# 2 Killed in TN NG OH-58 Crash



## DA SWO (Jul 10, 2011)

Training claims two more lives, RIP.

http://www.foxnews.com/us/2011/07/1...er-crashes-two-pilots-killed/?test=latestnews

Caryville, Tenn –  Two pilots were killed Saturday when a Tennessee National Guard helicopter crashed near Caryville in Campbell County, Tenn.
The pair were conducting a routine training flight when their OH-58D Kiowa Warrior aircraft crashed at about 5:30pm local time, according to Maj.

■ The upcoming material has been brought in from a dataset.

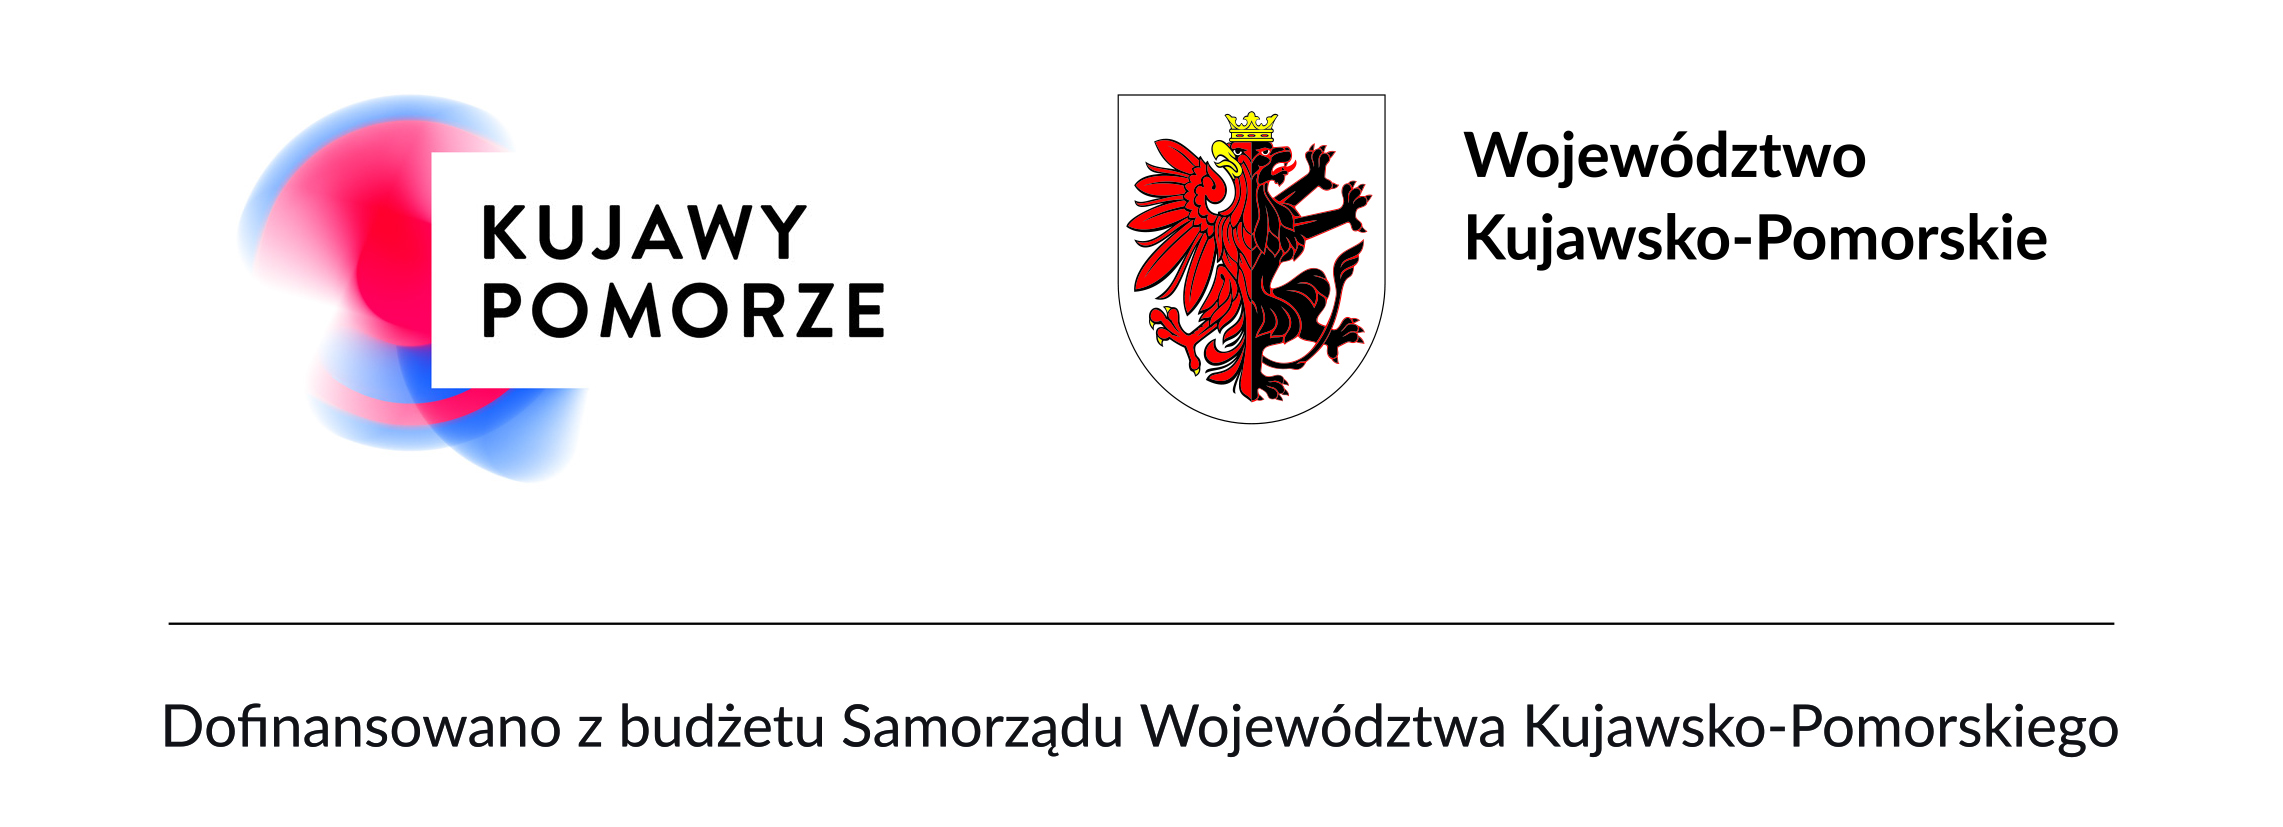 Logotyp Kujawy Pomorze, Logotyp Województwo Kujawsko-Pomorskie, zapis Dofinansowano z budżetu Województwa Kujawsko-Pomorskiego
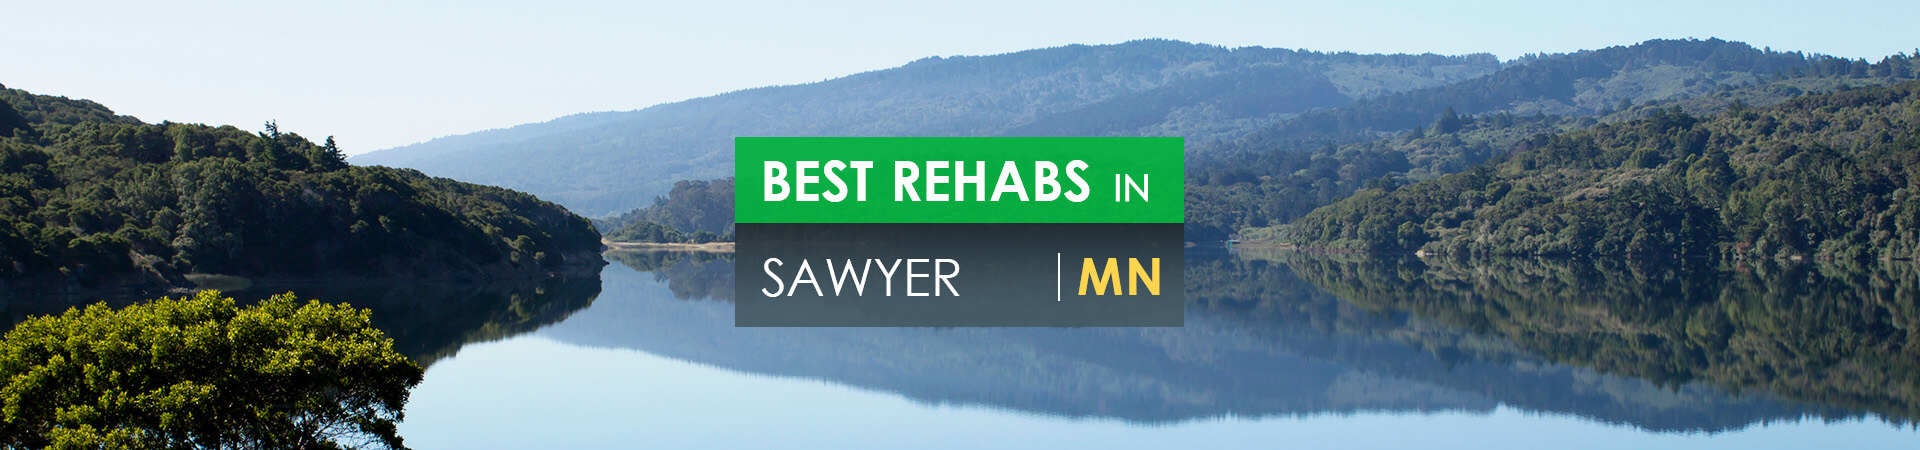 Best rehabs in Sawyer, MN

Randy Harris, director of Joint Public Affairs for the Tennessee Military Department. The cause of the crash was not immediately known.
The names of the pilots were withheld pending notification of their next-of-kin.
The Tennessean reported the helicopter had crashed in the woods near the Royal Blue Recreation area, about 30 miles (48km) north of Knoxville, and there was currently no access to the site.
The crash downed several power lines, leaving more than 5,000 households without electricity for a couple of hours.


Read more: http://www.foxnews.com/us/2011/07/10/tennessee-national-guard-helicopter-crashes-two-pilots-killed/#ixzz1Rk51qPgJ


----------



## formerBrat (Jul 10, 2011)

RIP, condolences to family and friends.


----------



## Crusader74 (Jul 10, 2011)

RIP


----------



## LibraryLady (Jul 11, 2011)

RIP

LL


----------



## ÉIREGOBRÁCH1922 (Jul 12, 2011)

RIP.

Terrible accident.


----------



## mike_cos (Jul 12, 2011)

R.I.P.


----------



## Isiah6:8 (Jul 12, 2011)

RIP


----------